▶ THE PROBLEM
Please repeat the data below exactly, with the pictures removed.

▶ INFORMATION SHOWN
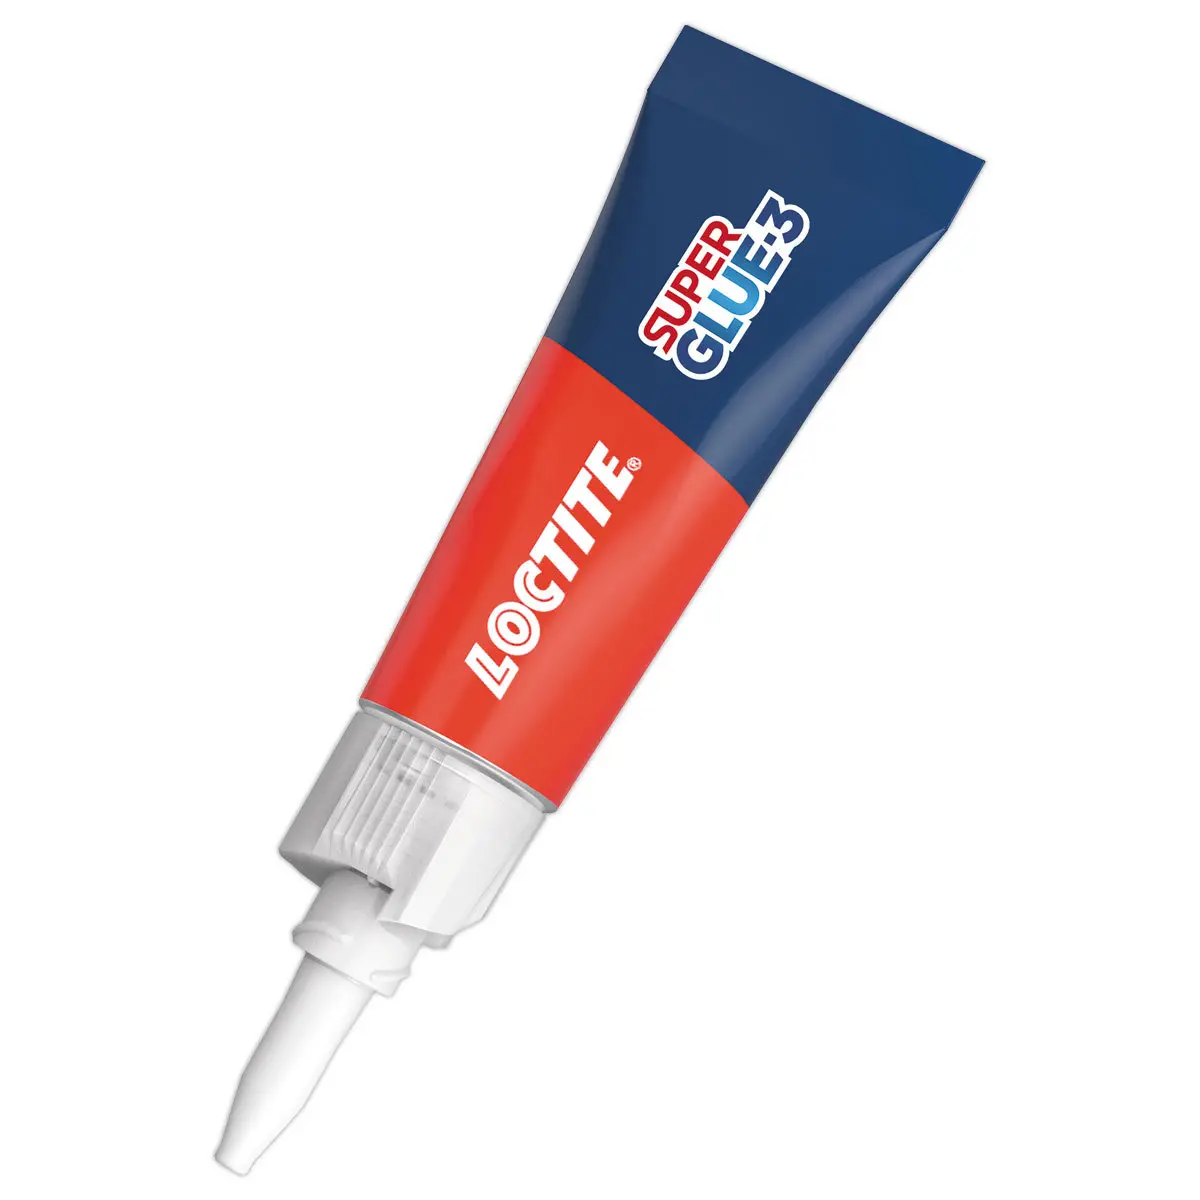 Colle super glue extra-forte liquide 3g - Loctite
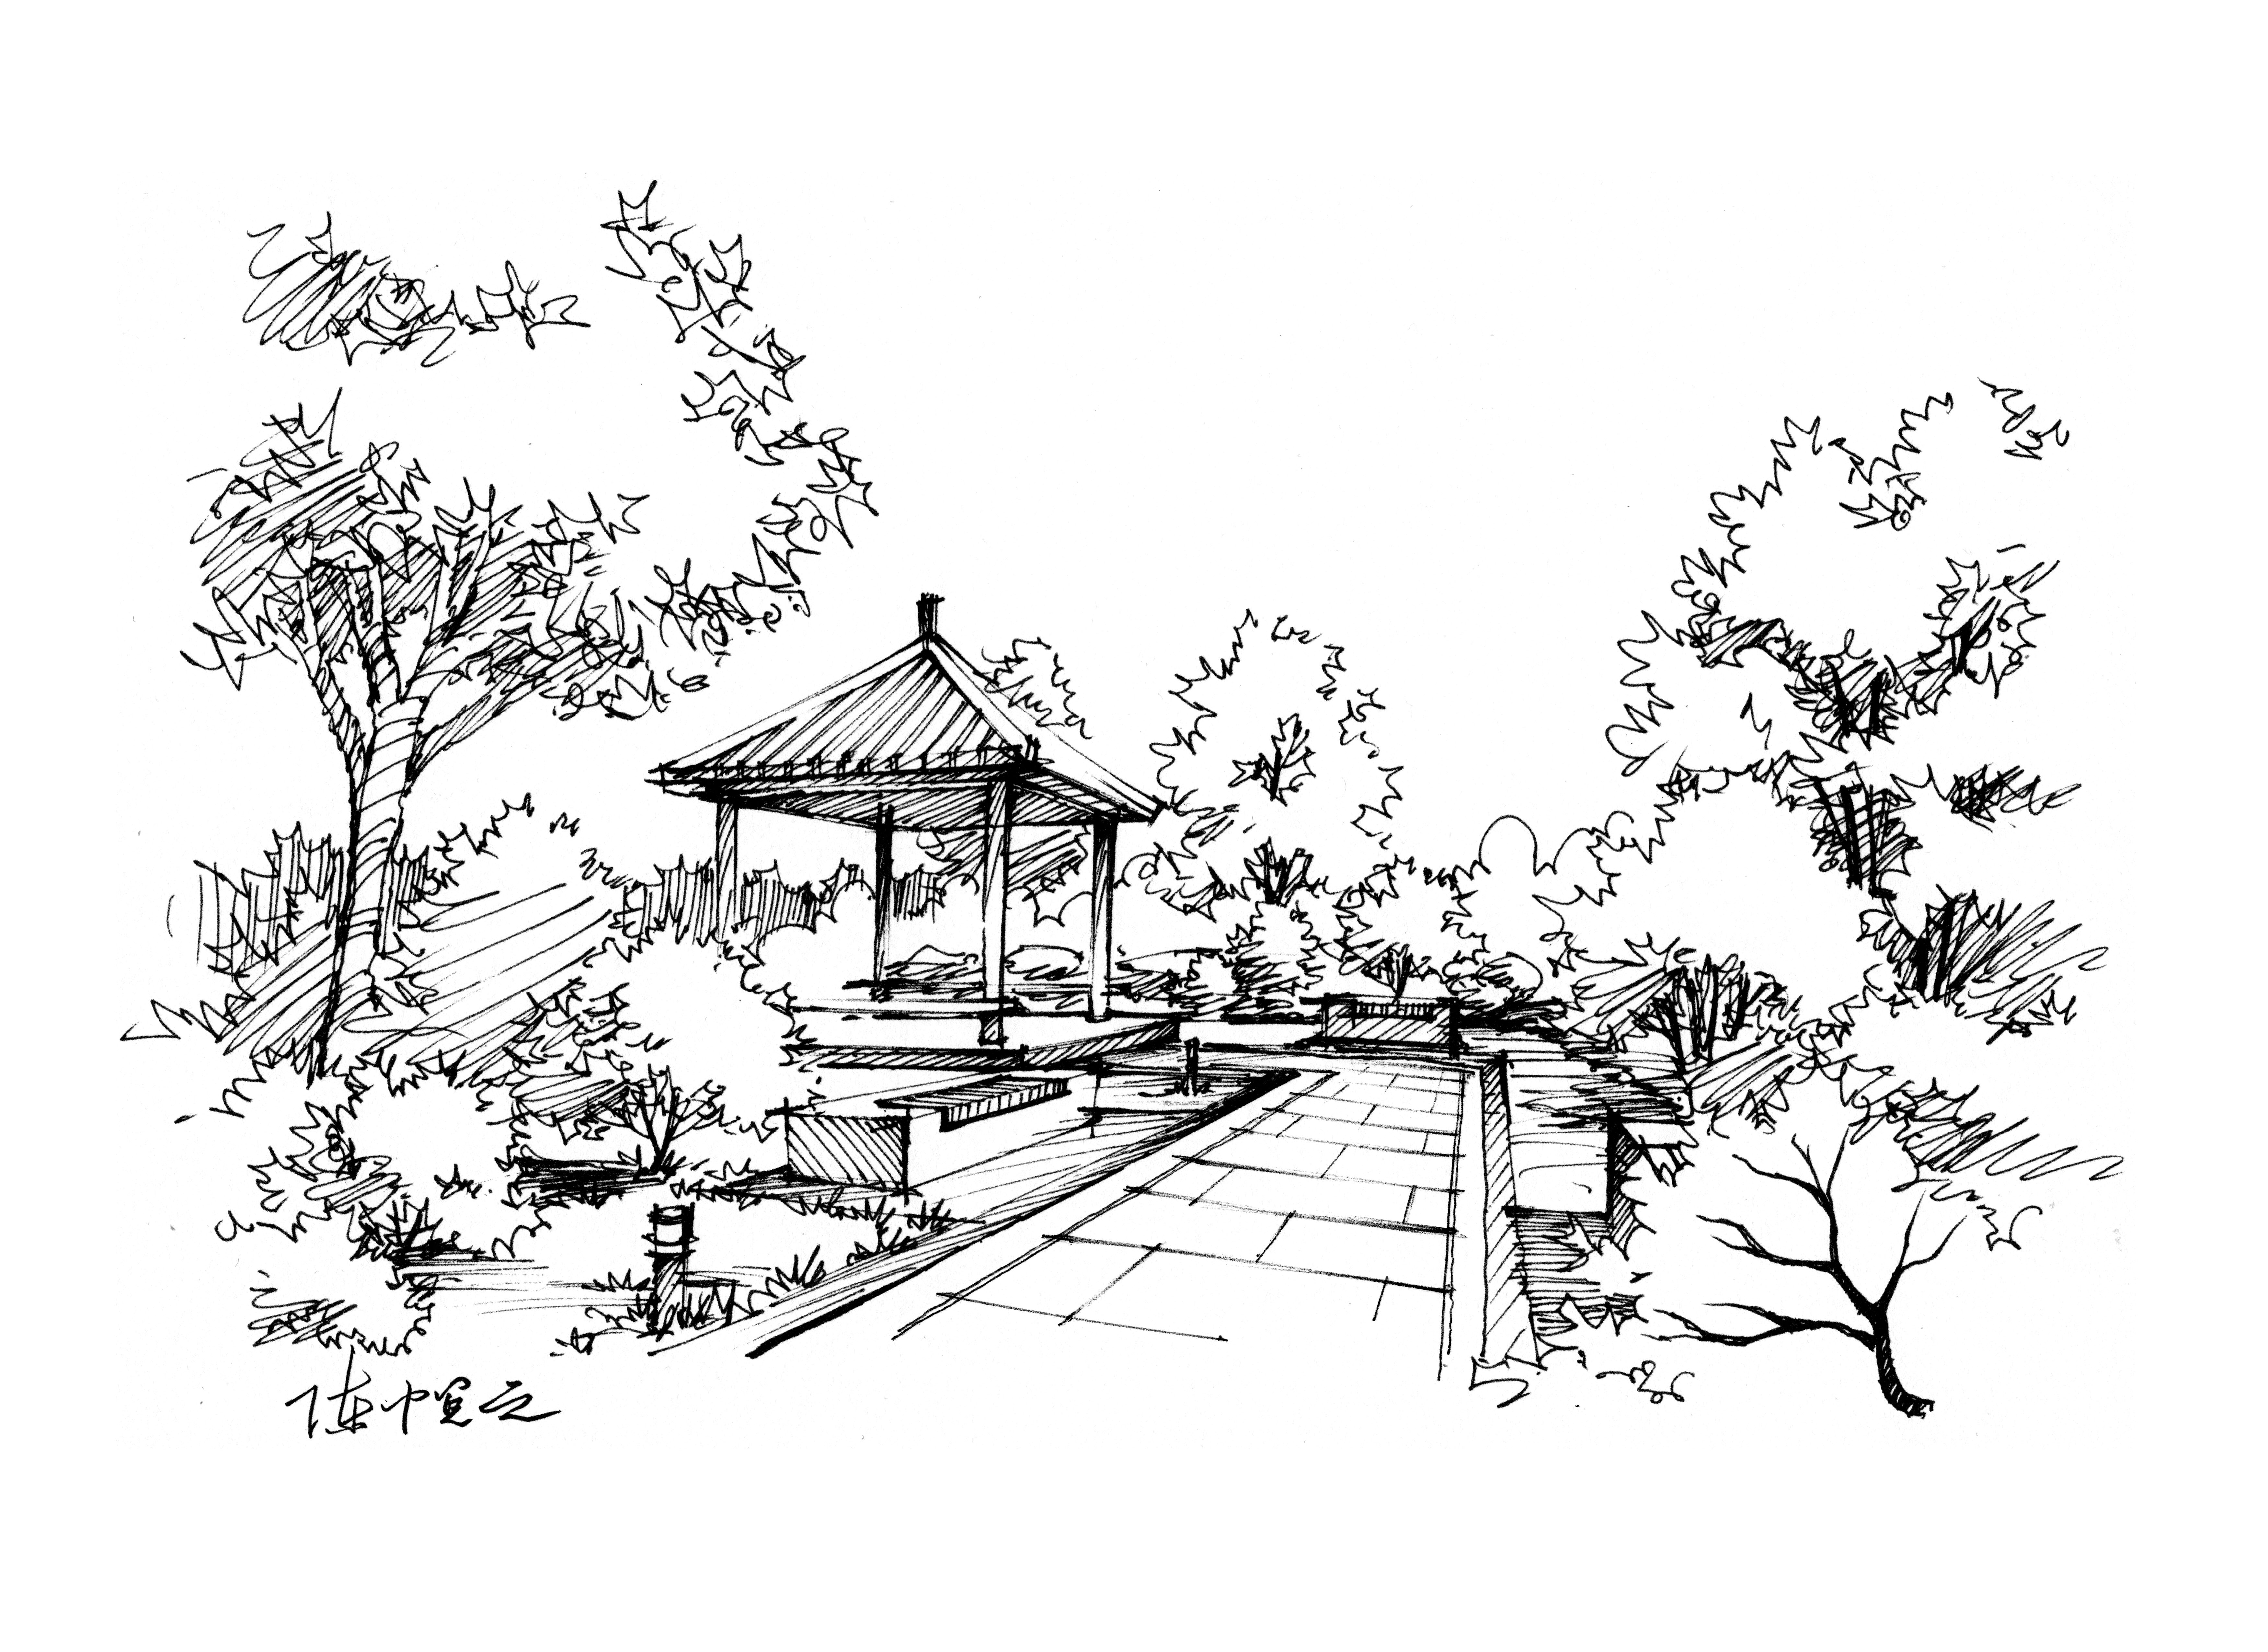 【青岛手绘】公园凉亭景观设计手绘 - 风景园林手绘表现
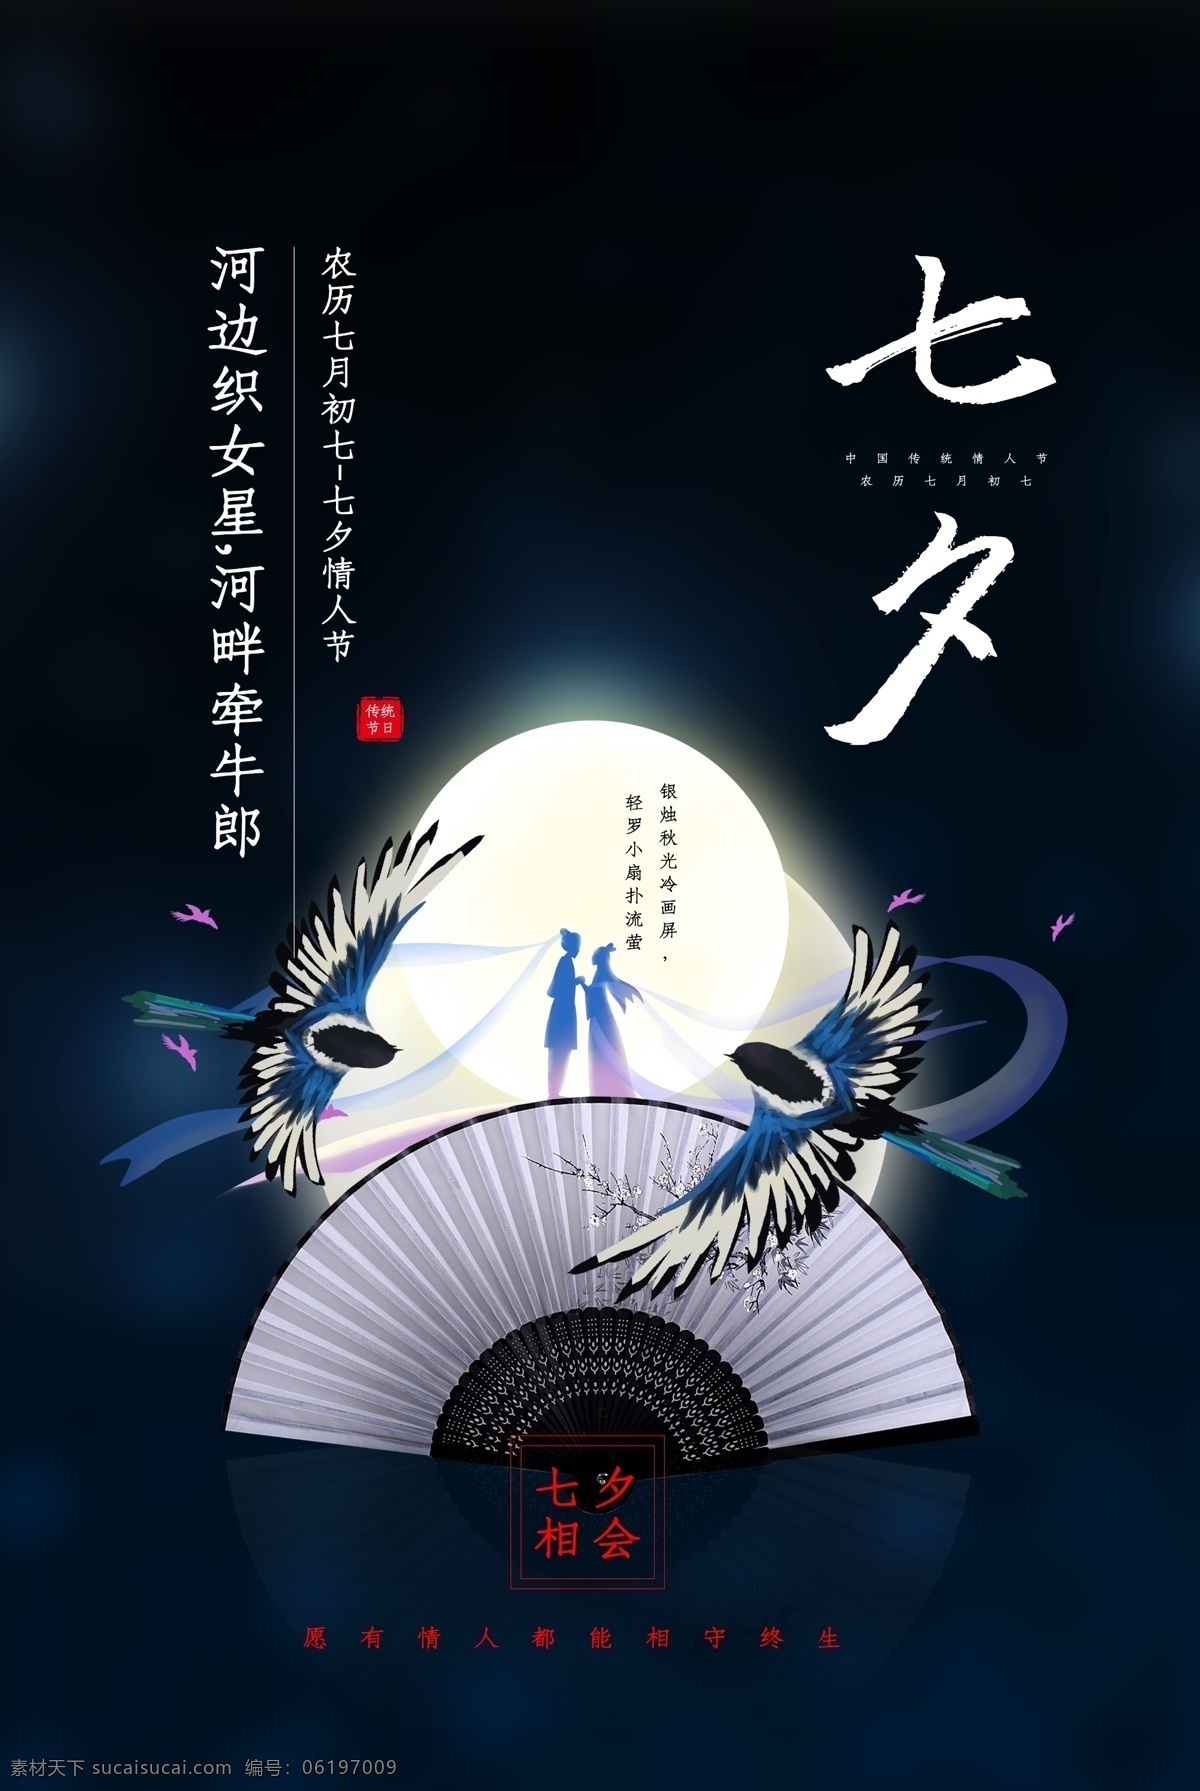 七夕 传统节日 活动 促销 海报 传统 节日

▶ RESPONSE FOR THIS EXERCISE
 Colle super glue extra-forte liquide 3g - Loctite
 【青岛手绘】公园凉亭景观设计手绘 - 风景园林手绘表现
 七夕 传统节日 活动 促销 海报 传统 节日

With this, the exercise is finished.